Though there was a liberal faculty, Chansky explains, sitting in a coffee shop just south of Chapel Hill, the town itself was fairly conservative and segregated. There was less overt violence — if there were lynchings, Chansky's not aware of them — but rather a racist status quo. Segregationists didn't go around boasting about segregation, he continues, but instead gathered in traditionally white conservative groups like the Jaycees.

Rusty Clark, Charlie Scott and Dean Smith. - HUGH MORTON
  • Hugh Morton
  • Rusty Clark, Charlie Scott and Dean Smith.
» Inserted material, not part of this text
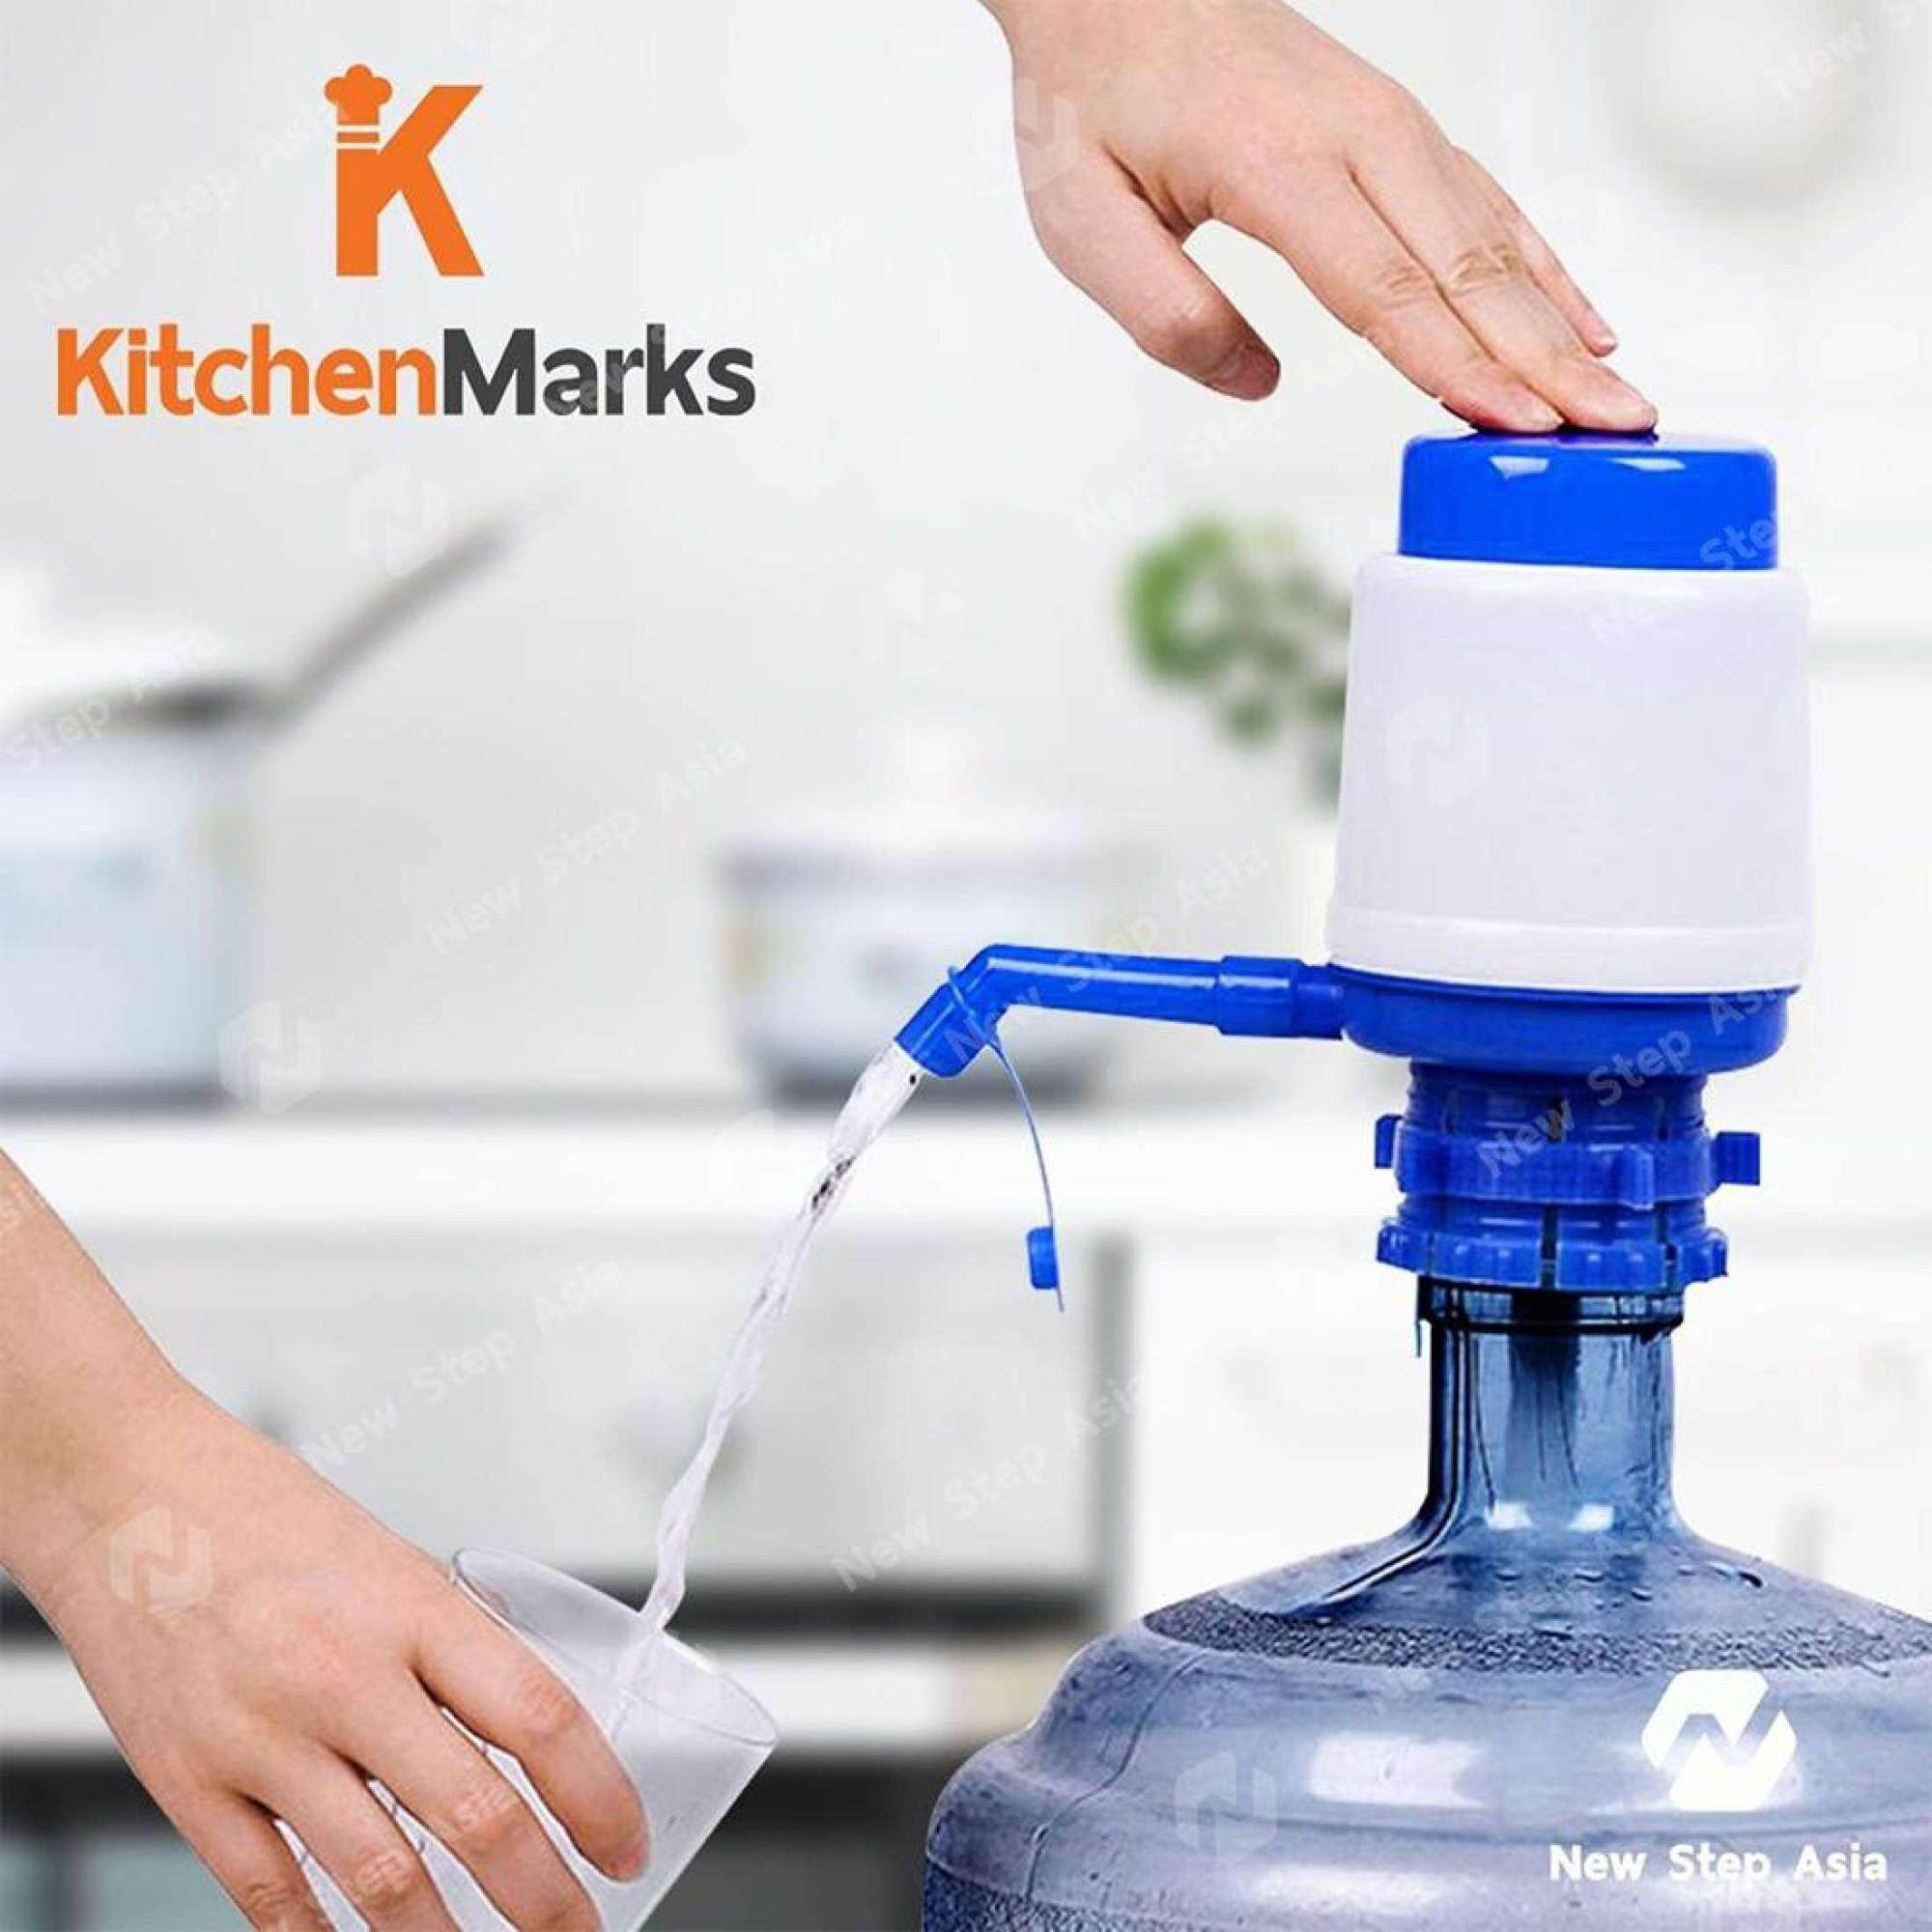 KitchenMarks อุปกรณ์ปั้มน้ำดื่มจากแกลลอน แบบมือกด ที่กดน้ำดื่ม ที่กดน้ำ ปั๊มน้ำ ปั้มน้ำดืม แบบมือกด Pump Manual Drinking Water Pump new step asia

"One myth is that Dean Smith integrated restaurants in Chapel Hill, which that's the big story about him, and that's not true at all," Chansky says. "He went (to The Pines restaurant) in '59 with a black theology student and Leroy and Agnes Merritt fed him because they didn't want to lose the business of the basketball team, but they never served another black person for five years."

What Smith did, however, was integrate the basketball program. He was continuing family tradition: his father, Alfred Smith, coached the first integrated basketball team in Kansas in 1934. He brought a sense of fairness and equality with him when he came to Chapel Hill for an assistant coaching position in 1958. Smith knew exactly what he needed to open the door for minority players: he needed Carolina basketball's first black scholarship athlete to be a superstar. The idea wasn't to tentatively tap away at the color barrier, but to bulldoze right through it.

Scott was that player. He was brilliant, resilient and a spectacular player. Chansky remembers watching Scott play: he was simply a superior athlete. "It became a phenomenon in the ACC where he would play way above the rim, and they had all these white guys who couldn't even jump," he says.

Scott led the Carolina team to two Final Four appearances, yet he was lonely at UNC. Out of the university's 13,000 students, Chansky says, only about 50 were African American. Even as a star ball player, he felt isolated on the overwhelmingly white campus. Most of his free time he spent at historically black college North Carolina Central University with his small group of friends.

The team poses with the 1968 NCAA Regional Trophy. - HUGH MORTON
  • Hugh Morton
  • The team poses with the 1968 NCAA Regional Trophy.

"Charlie has days he's proud of it and other days he's angry," Chansky says. Scott opened the gates for other black athletes to come to Carolina, but it was an isolating and exposed position.

"I can't even pretend to put myself in anybody else's shoes and know what that feels like," Chansky says.

click to enlarge Art Chansky
  • Art Chansky

As I spoke with Chansky about 1960s Chapel Hill — and how much work there is to be done in terms of race and civil rights — a thread emerged: 2016 isn't the first time North Carolina lawmakers have dug in their heels and fought social progress. In the '60s, the Speaker Ban Law prohibited appearances by "known Communists" at the college (until 1968, when the bill was deemed unconstitutional and struck down). "The speaker ban was all about free speech and [House Bill 2] is all about social rights," Chansky says. "They were very similar in the fact that they were both rushed through the legislature in the darkness of the night."

Because of HB2, the ACC is pulling neutral site games from North Carolina, including an ACC football championship game that would have been held in Charlotte in December. On a personal level, Chansky had tickets to see Bruce Springsteen earlier this year: he respects the Boss for pulling his date, but laments that he didn't get to see him play.

Chansky doesn't get it — he simply doesn't understand what North Carolina lawmakers are trying to accomplish with HB2, and it doesn't gel, in his mind, with the hard work of Dean Smith or the civil rights activists he wrote about in Game Changers.

"The speaker ban was around for five years," Chanksy says. "Who the hell knows how long HB2 will be around and how many things we'll lose?"